### Records for the exercise:
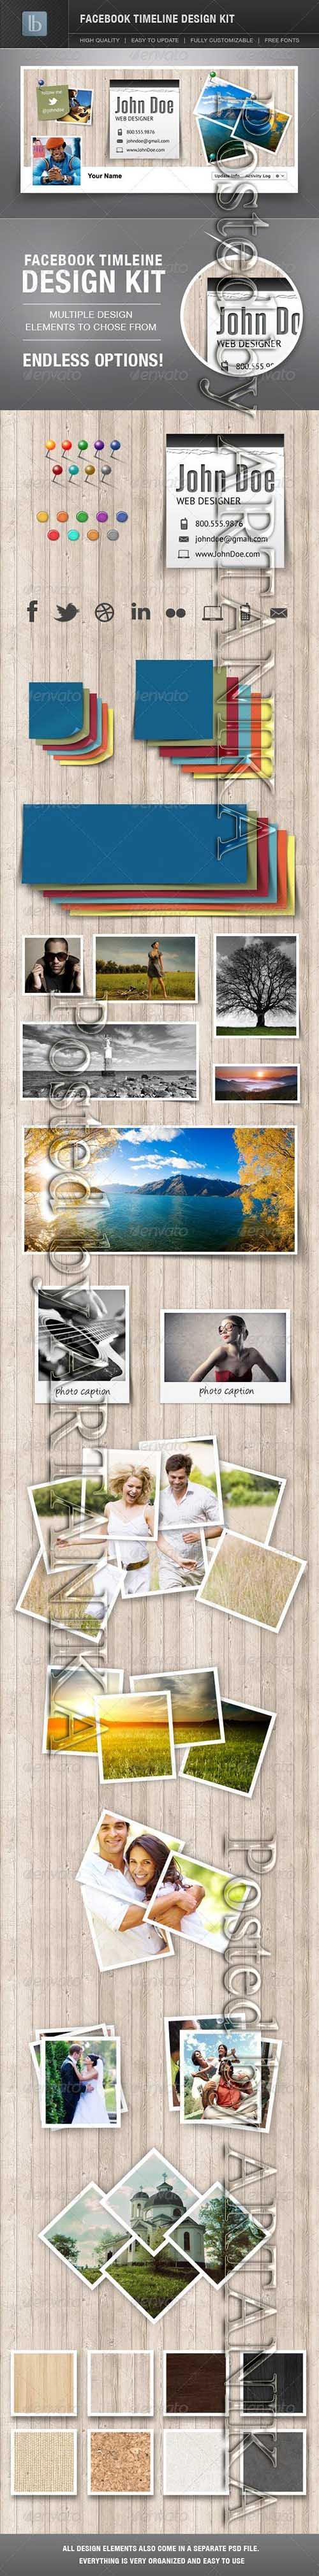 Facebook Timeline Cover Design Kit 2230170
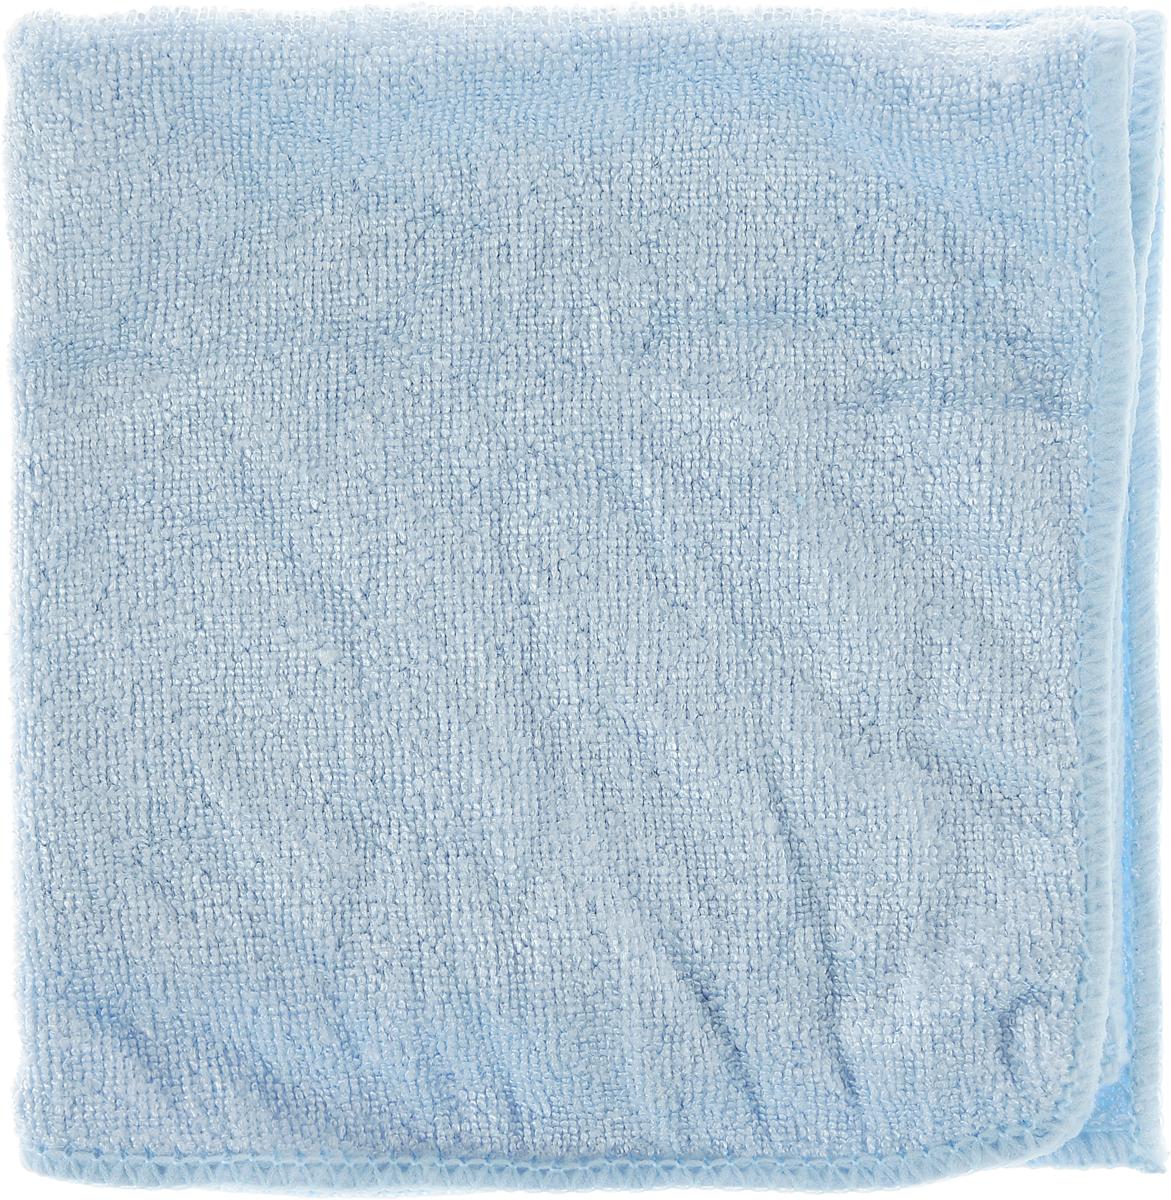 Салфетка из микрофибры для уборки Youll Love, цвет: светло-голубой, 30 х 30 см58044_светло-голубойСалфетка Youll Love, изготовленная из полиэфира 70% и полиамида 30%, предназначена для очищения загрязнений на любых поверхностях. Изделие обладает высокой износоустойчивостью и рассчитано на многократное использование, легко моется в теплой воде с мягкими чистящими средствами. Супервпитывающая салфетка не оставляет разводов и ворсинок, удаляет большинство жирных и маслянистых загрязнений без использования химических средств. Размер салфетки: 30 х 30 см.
* * *
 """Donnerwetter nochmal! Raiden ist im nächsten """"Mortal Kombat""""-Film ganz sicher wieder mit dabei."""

### Work required:
Beginning with the line above that has "Facebook Timeline Cover Design Kit 2230170" and going on through the line that has "Салфетка из микрофибры", retype every line exactly and add nothing else; drop the pictures.

### Answer to this exercise:
 Facebook Timeline Cover Design Kit 2230170
 Салфетка из микрофибры для уборки Youll Love, цвет: светло-голубой, 30 х 30 см58044_светло-голубойСалфетка Youll Love, изготовленная из полиэфира 70% и полиамида 30%, предназначена для очищения загрязнений на любых поверхностях. Изделие обладает высокой износоустойчивостью и рассчитано на многократное использование, легко моется в теплой воде с мягкими чистящими средствами. Супервпитывающая салфетка не оставляет разводов и ворсинок, удаляет большинство жирных и маслянистых загрязнений без использования химических средств. Размер салфетки: 30 х 30 см.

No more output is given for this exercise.